Now, by the end of the day, the coach and the player did have a conversation. They seemed to work it out. But I think that's an interesting example of players using their power. We're seeing this all over the place, the NFL and other places where players are using their power as athletes to effect change.

SCIUTTO: OAN also accused of channeling Russian disinformation, which we should note that.

STELTER: Disinformation. Yes.

SCIUTTO: Final question.

Why is Senator Ted Cruz getting in a social media battle with an actor? I mean I -- so many times I feel like I have to shield my children from silly language and behavior by adults. What's happening?

STELTER: And that's what's happening here. But, you know, Ted Cruz is in this battle only days after saying that he doesn't read tweets on Twitter. You know, that was his excuse when the president put up that post about ANTIFA last week, he doesn't actually read what's on Twitter. And yet then you see a senator getting in a Twitter spat.

You know, it's this sort of hypocrisy that makes people want to pull (ph) out of politics. Makes people want to know the whole (INAUDIBLE) thing is a joke. There's such attempts to avoid discussing the president, discussing what he is says on Twitter. And Cruz jumps through (INAUDIBLE) these rhetorical hoops and fails while doing it.

By the way, guys, happy five year anniversary. Five years ago today President Trump went down the escalator and entered the race. I feel like we'll never forget this day five years ago.

CAMEROTA: And I don't even know. Time has lost all meaning. I mean I don't even know if it was five years ago or five minutes ago or five decades ago.

STELTER: Five years ago today. I remember exactly where I was.


STELTER: Actually, I was at a bar. It was 11:00 in the morning. Maybe that was symbolic.

CAMEROTA: That says more about you, I feel, Brian Stelter.


STELTER: Then I'm walking down the street and I see it on -- I see CNN's on. I'm walking down the street. I see CNN's on. And Trump is speaking. And I didn't think he was actually going to run. I have to admit, I didn't think he was going to run. So I walked inside, turned up the volume and now the rest is history.

CAMEROTA: And here we are five years -- five years later.

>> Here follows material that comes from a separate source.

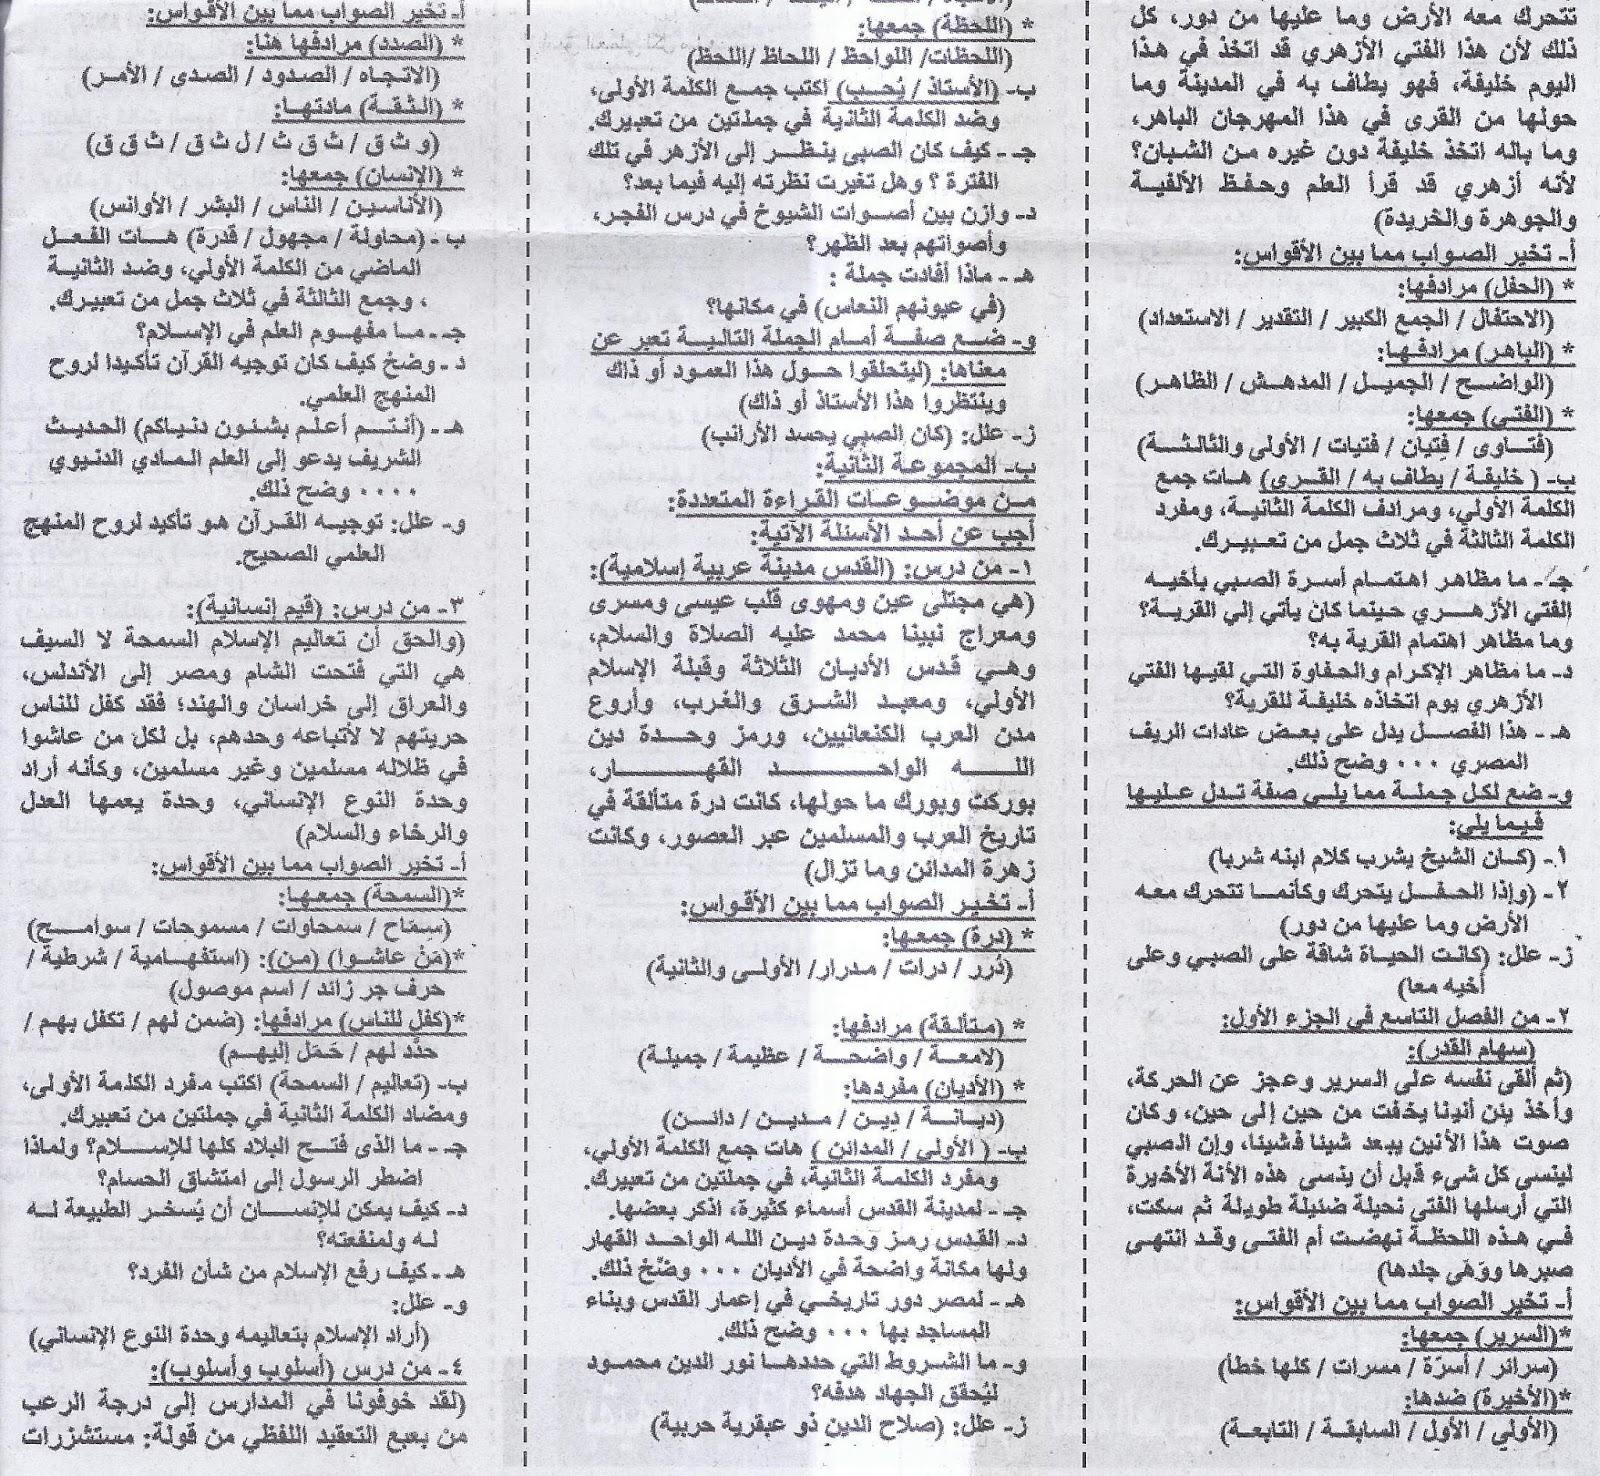 ملحق الجمهورية .. ينشر المراجعة الاخيرة لغة عربية للثانوية العامة 2016 9

I'm sorry, I just have one more question about this spat between Ted Cruz and this actor, Ron Perlman.


CAMEROTA: Maybe we -- maybe we have a picture that we can put up of Ron Perlman because he is challenging Ted Cruz to the wrestling match, right? I mean, so -- OK, hold on, we don't have that, but I do have the -- we do have the Twitter exchange where he says to Ted Cruz, this is the actor, you talk a good game but when you've got Hollywood -- oh, no, sorry, this is Ted Cruz talking to the actor. Listen, hell boy, you talk a good game when you've got Hollywood makeup and stunt men, but I'll bet you 10,000 to the non-political charity of your choice that you couldn't last five minutes in the wrestling ring with Jim Jordan without getting pinned.


You up for it? Or does your publicist say it's too risky? Then the actor says, tell you what, Teddy boy, since mentioning Jim Jordan and wrestling is problematic, why don't we say blank him and just make it you and me. I'll give $50,000 to Black Lives Matter and you can keep all the taxpayer money you were thinking of spending.


Is that -- is this really going to happen?

STELTER: I was afraid you were going to ask me that.

Let me say this, President Trump's not the only one that maybe should put down the Twitter device once in a while, right? The world doesn't always like this. Five, ten years ago, you didn't have senators getting in fights and offering to get into the rings with actors. What -- what happened? What went wrong? What went right? I don't know.

CAMEROTA: On that note --


CAMEROTA: On that philosophical note, Brian, thank you very much.

STELTER: Thanks.

CAMEROTA: Great to talk to you.

Jim, thank you very much. I shall see you manana.

SCIUTTO: Oh, promise to be here. Always good to be with you.

CAMEROTA: Fantastic.

CNN's coverage continues after this break.